A Malayalam remake titled White was also made starring Mammootty and Huma Qureshi (in double role) with some changes. While another Malayalam movie Vinodayathra was reported to have scenes inspired from this movie.

===Chinese film===

A Chinese version named My Sassy Girl 2 (我的野蠻女友2) directed by Joe Ma stars Lynn Hung and Leon Jay Williams was released in 2010.

===Nepali film===

A Nepali version titled Sano Sansar was released on 12 September 2008 and became very popular amongst teenagers in the country.

===Lithuanian film===
A Lithuanian version titled Moterys meluoja geriau: Robertėlis was released on 3 August 2018. It was based on the characters form a popular local TV drama.

===Philippine film===

A Filipino version of My Sassy Girl was announced in 2021, to be starred by Toni Gonzaga and Pepe Herrera. Filming and production completed in the same year. The film will be released on 31 January 2024.

===Indonesian film===
An Indonesian version directed by Fajar Bustomi, and starring Tiara Andini and Jefri Nichol. This version was released on June 23, 2022.

==Sequel and references==
Cha Tae-hyun starred in the direct sequel, My New Sassy Girl, which was released in China on April 22, 2016, and South Korea on May 5 as a South Korean-Chinese co-production.
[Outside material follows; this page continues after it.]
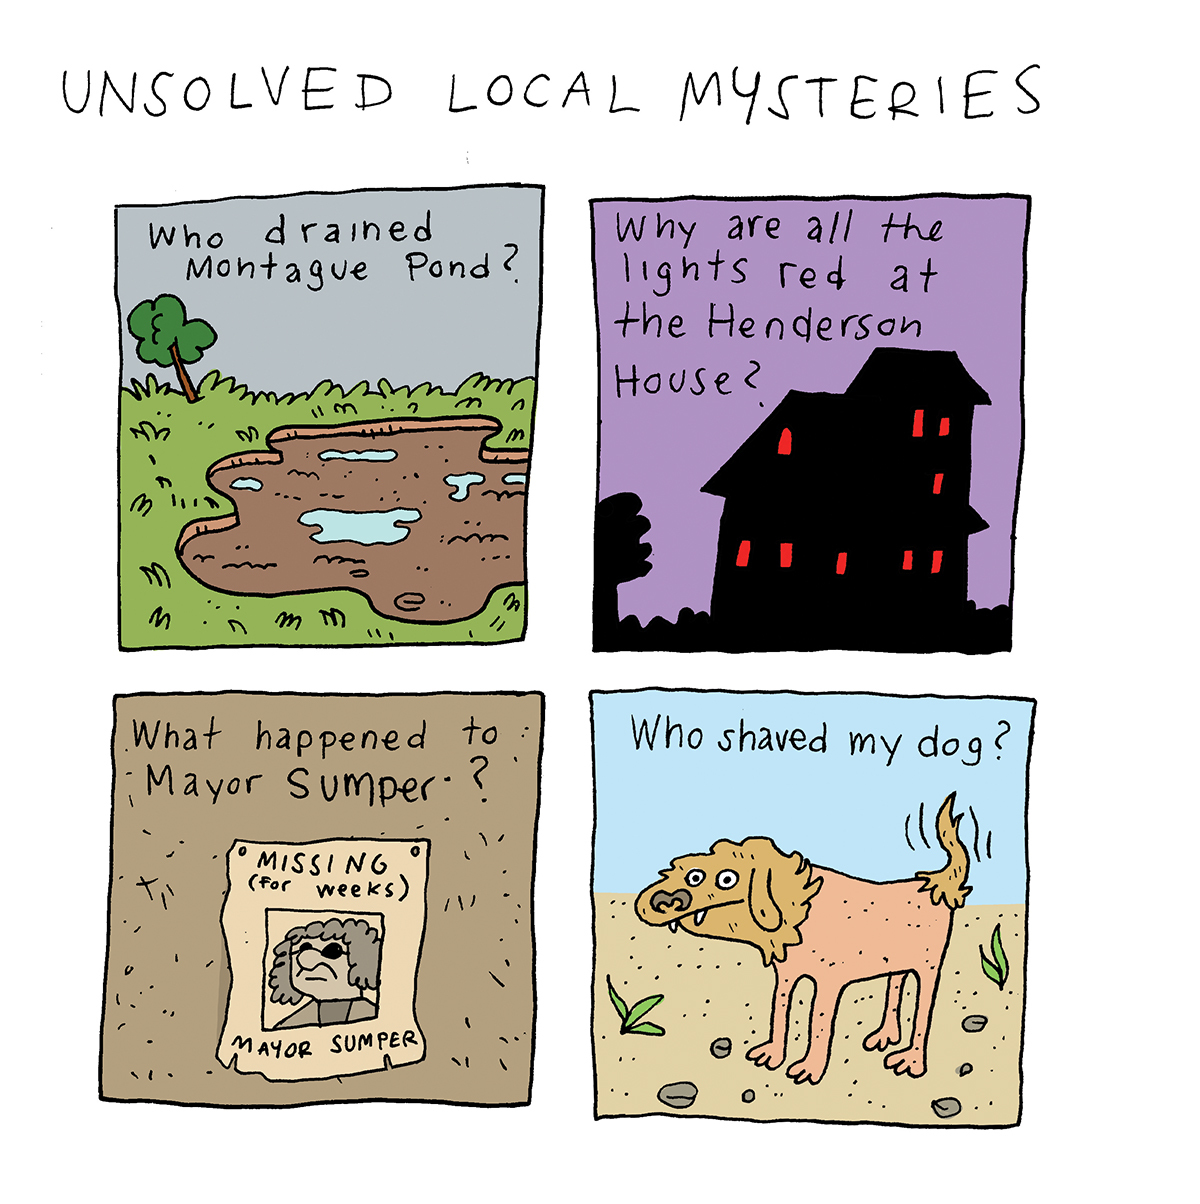 Local Mystery
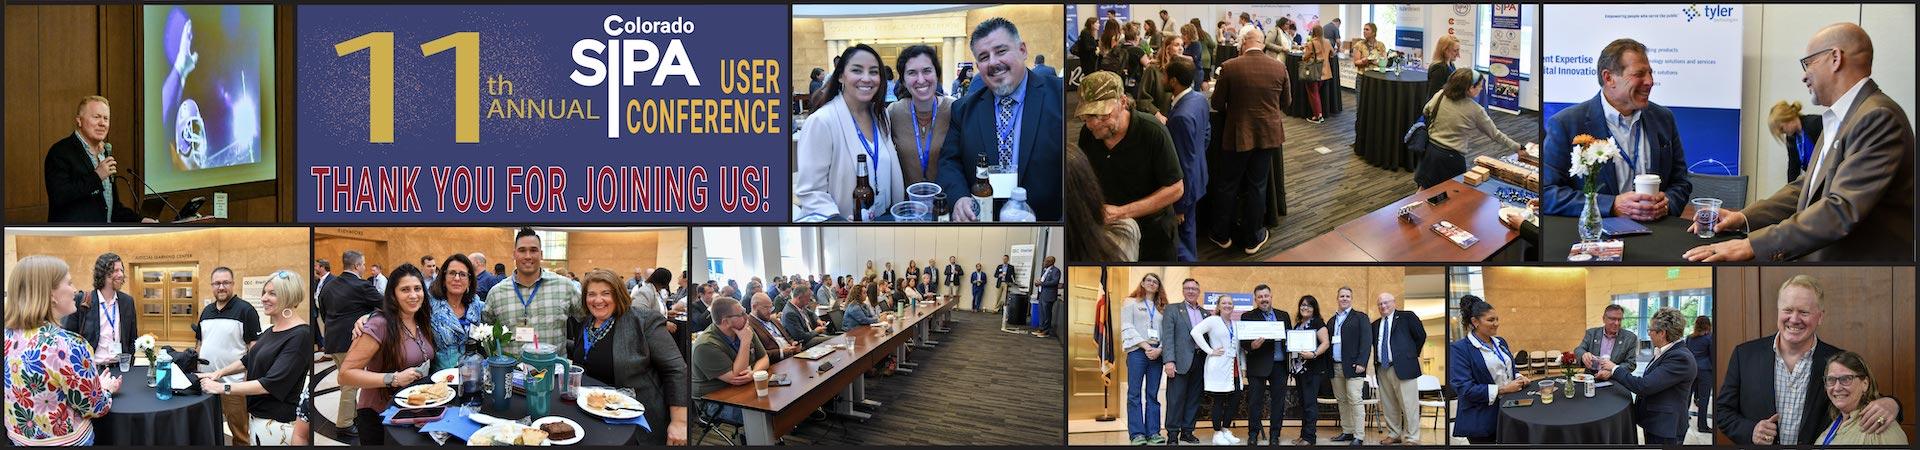 a collage of photographs from the 11th Annual SIPA User Conference

The movie was not as well-received as its original.

Cha Tae-hyun has made cameo appearances in Jun Ji-hyun's film Windstruck (whose ending scene at the train station is very similar to that of My Sassy Girl) and TV series The Legend of the Blue Sea (Episode 4, where he makes reference to Jun's character's history as "sassy"). A poster of My Sassy Girl appears in My Love from the Star (Episode 5) as one of the previous hit films by Jun's character.